[Haskell-cafe] Advice needed on best way to simulate an STL vector

Sebastian Sylvan sebastian.sylvan at gmail.com
Wed Apr 19 12:19:03 EDT 2006


On 4/19/06, Brian Hulley <brianh at metamilk.com> wrote:
> Hi -
> In C++, STL provides a vector class which behaves as an array except you can
> insert/delete elements from it. I'm wondering what is the best Haskell data
> structure to use to simulate this, either mutable or immutable.
>
> I've looked at the Array interface, but although there is the // operation
> to replace some elements, there does not appear to be a simple way to
> delete/insert elements.
>
> Ideally I'd like functions like:
>
> -- Insert new elements starting at the specified index, moving the others up
> to make room
> insert:: Array i e -> i -> [e] -> Array i e
>
> -- Delete a range of elements, moving later elements back down
> delete:: Array i e -> i -> i -> Array e
>
> -- Append a new element to the end of an array
> push_back :: Array i e -> e -> Array i e
>
> Is there an efficient way of implementing these operations in Haskell, based
> on arrays, or should I be using some other data structure altogether eg a
> list?
>

Well not efficient in the C++ sense. You'd still have to create a
whole new array for all of those operations. You can use the (//)
operator to update all the elements you need to update...
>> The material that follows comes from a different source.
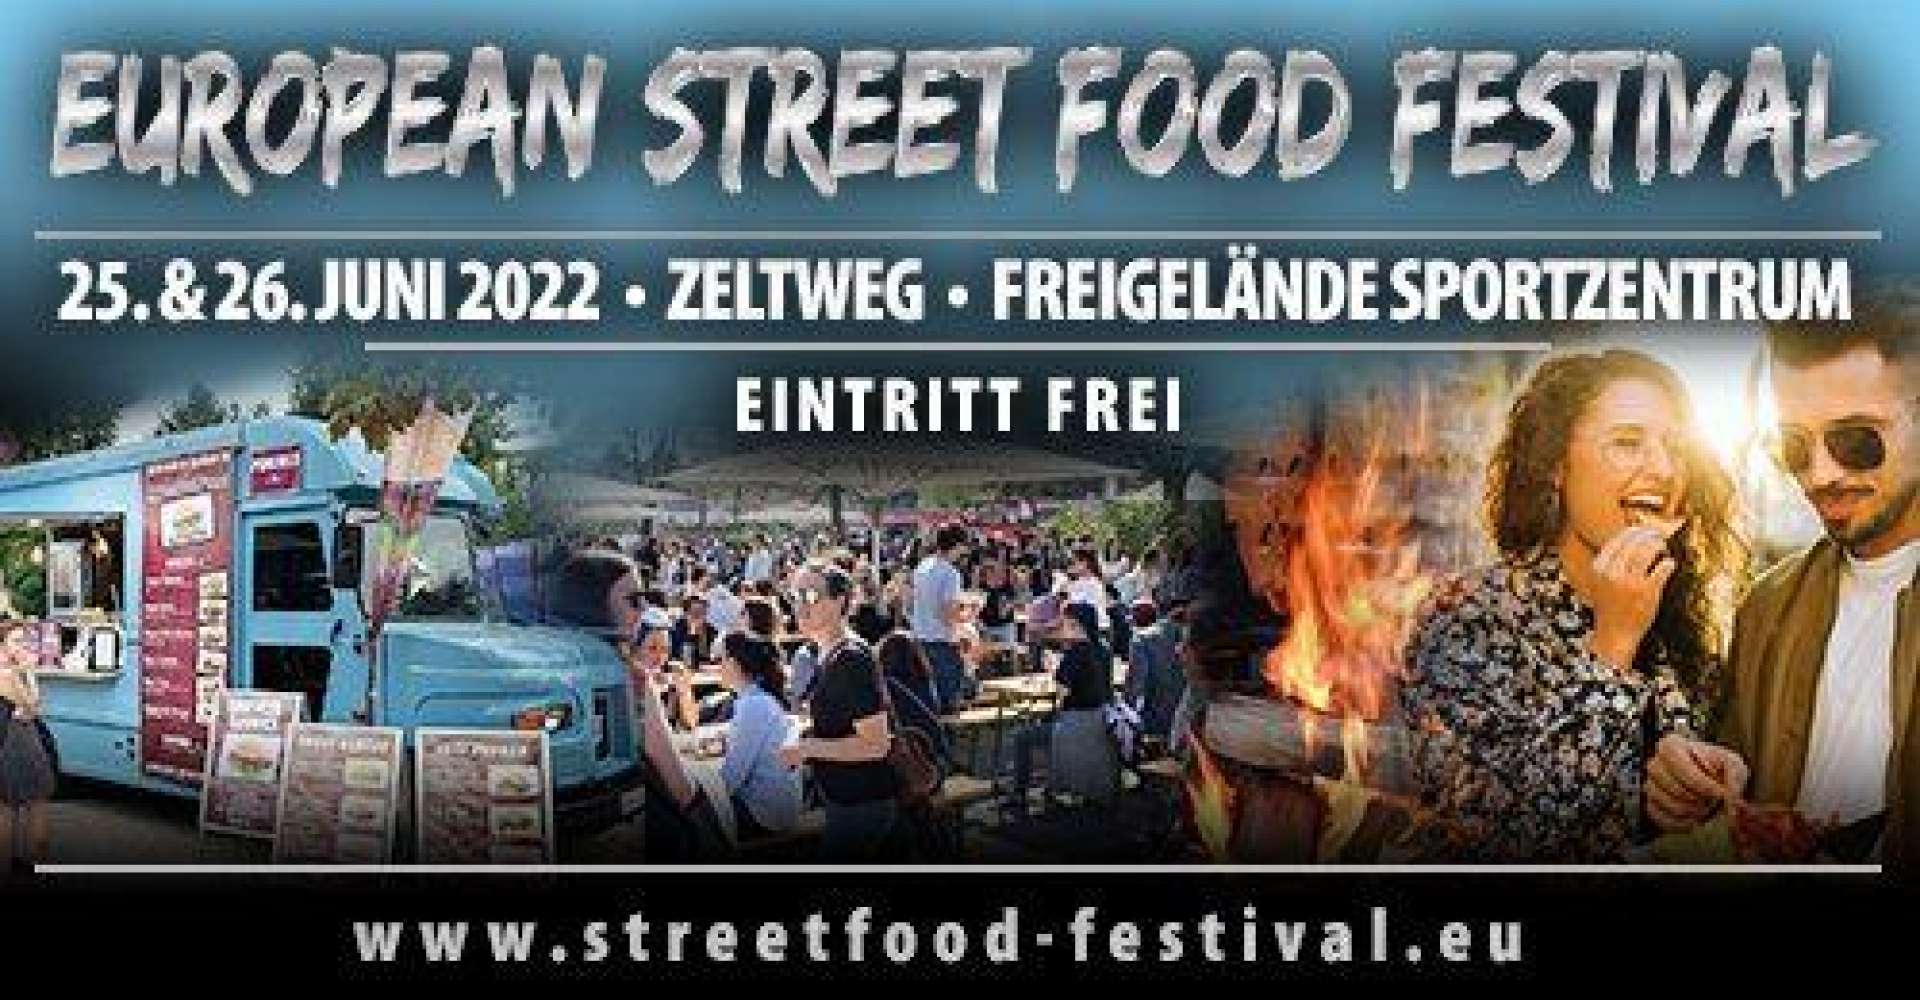  Copyright:EUROPEAN STREET FOOD FESTIVAL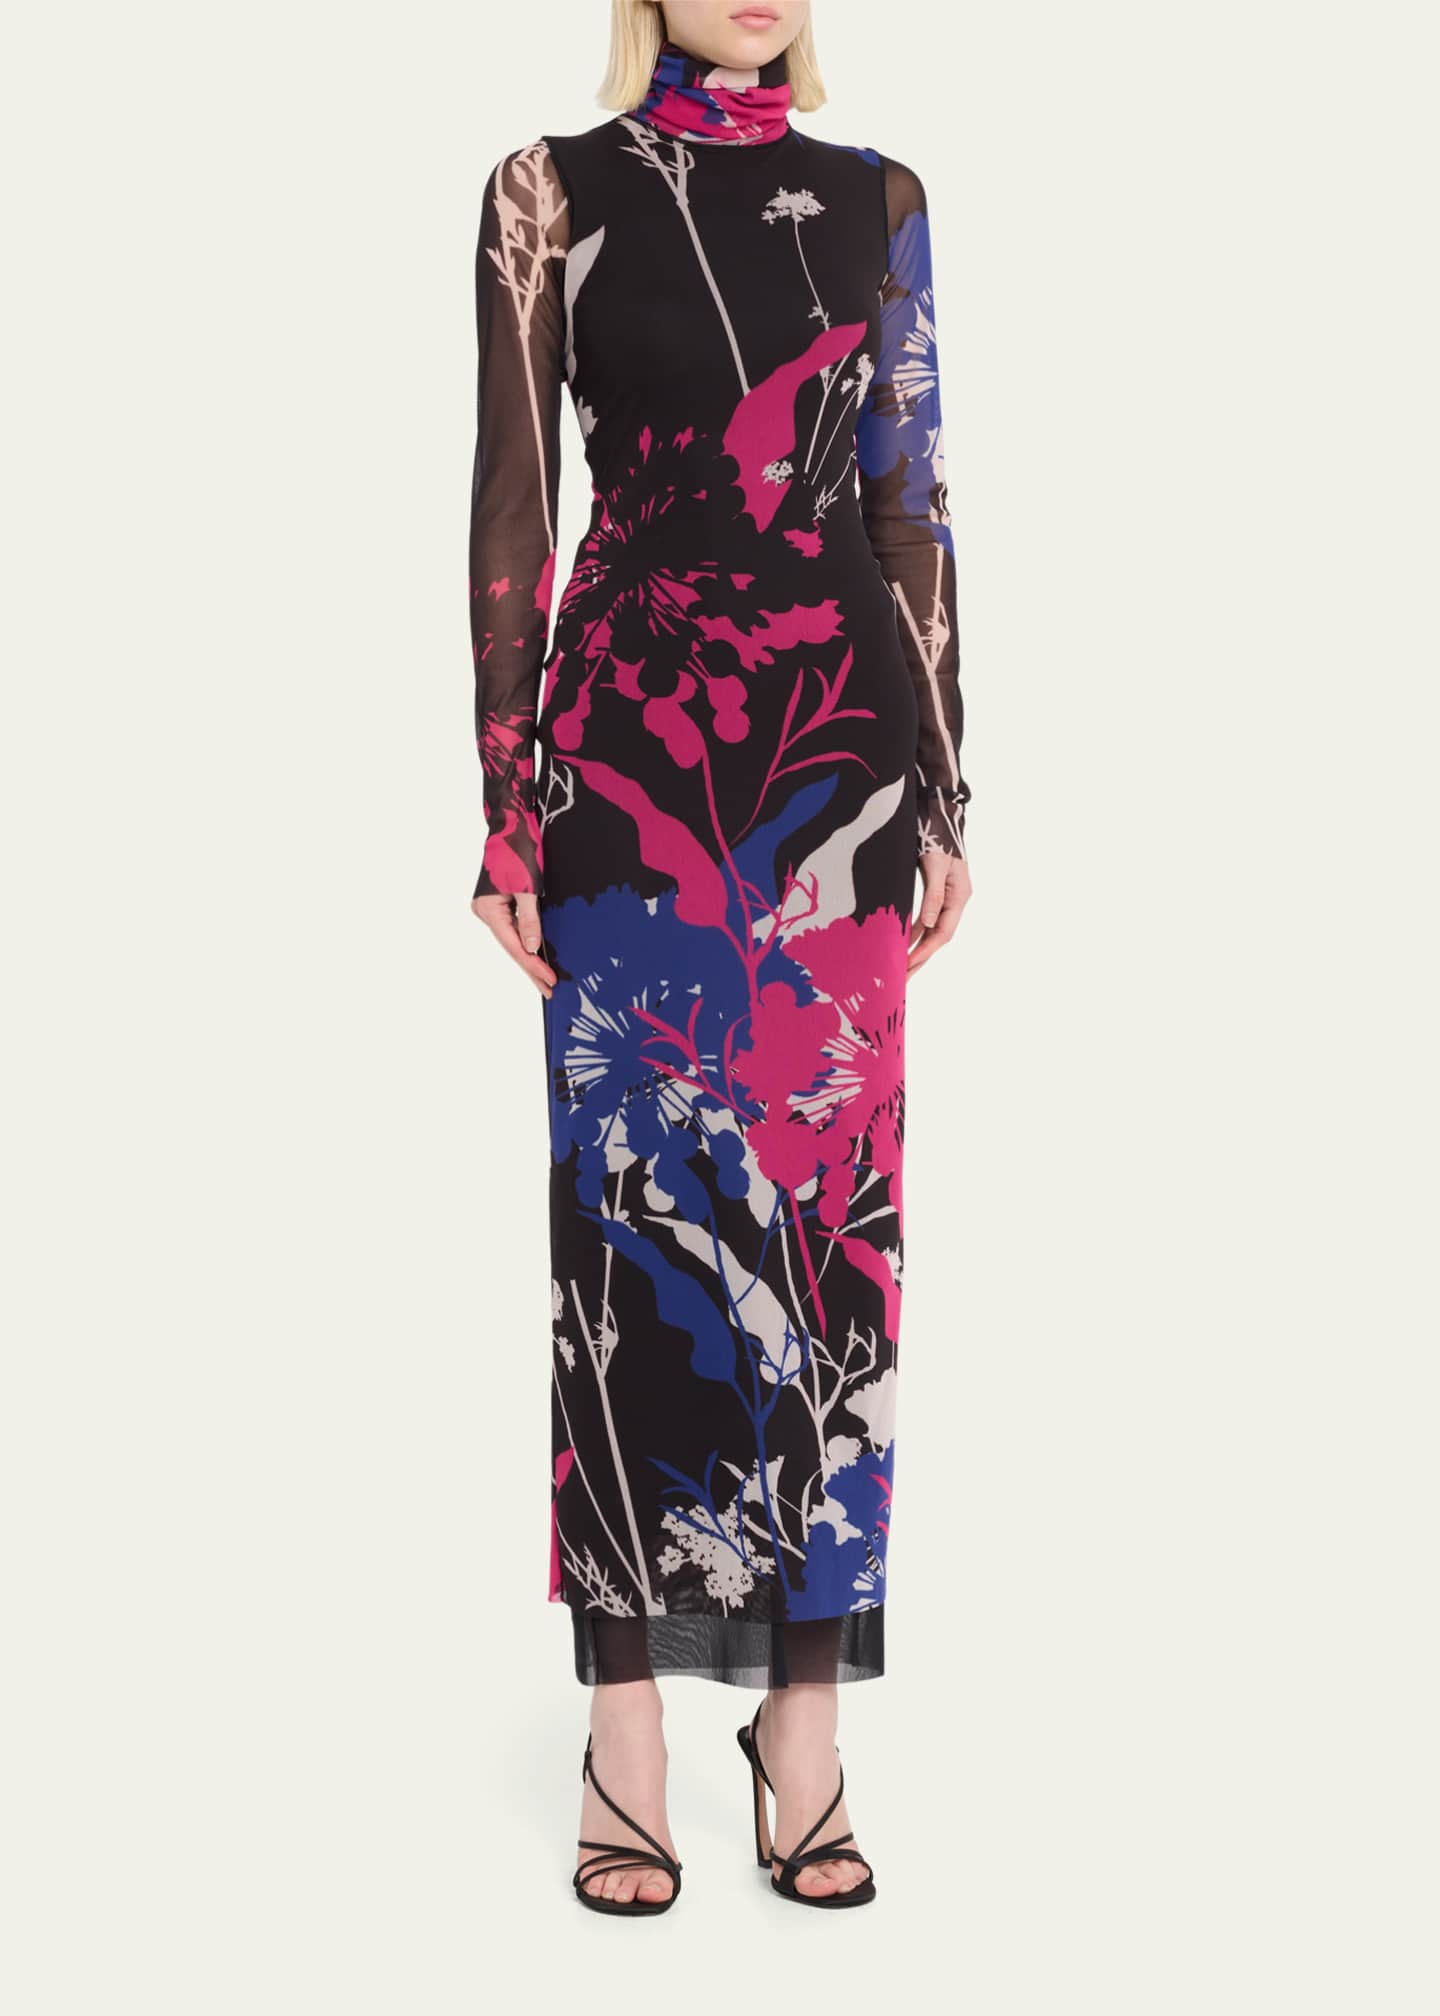 WNDRLUST by Prabal Gurung Daphne Floral Turtleneck Dress - Bergdorf Goodman

insert i xs arr = arr // shift_list
where n = length xs
         shift_list = zip [i..] xs ++ [ (j,arr!(j - n)) | j <- [i+n ..
snd (bounds arr)]]

> Also, for large arrays, am I right in thinking that it is still more
> efficient to use immutable arrays rather than mutable arrays (because it is
> easier for gc to always just deal with immutable values)?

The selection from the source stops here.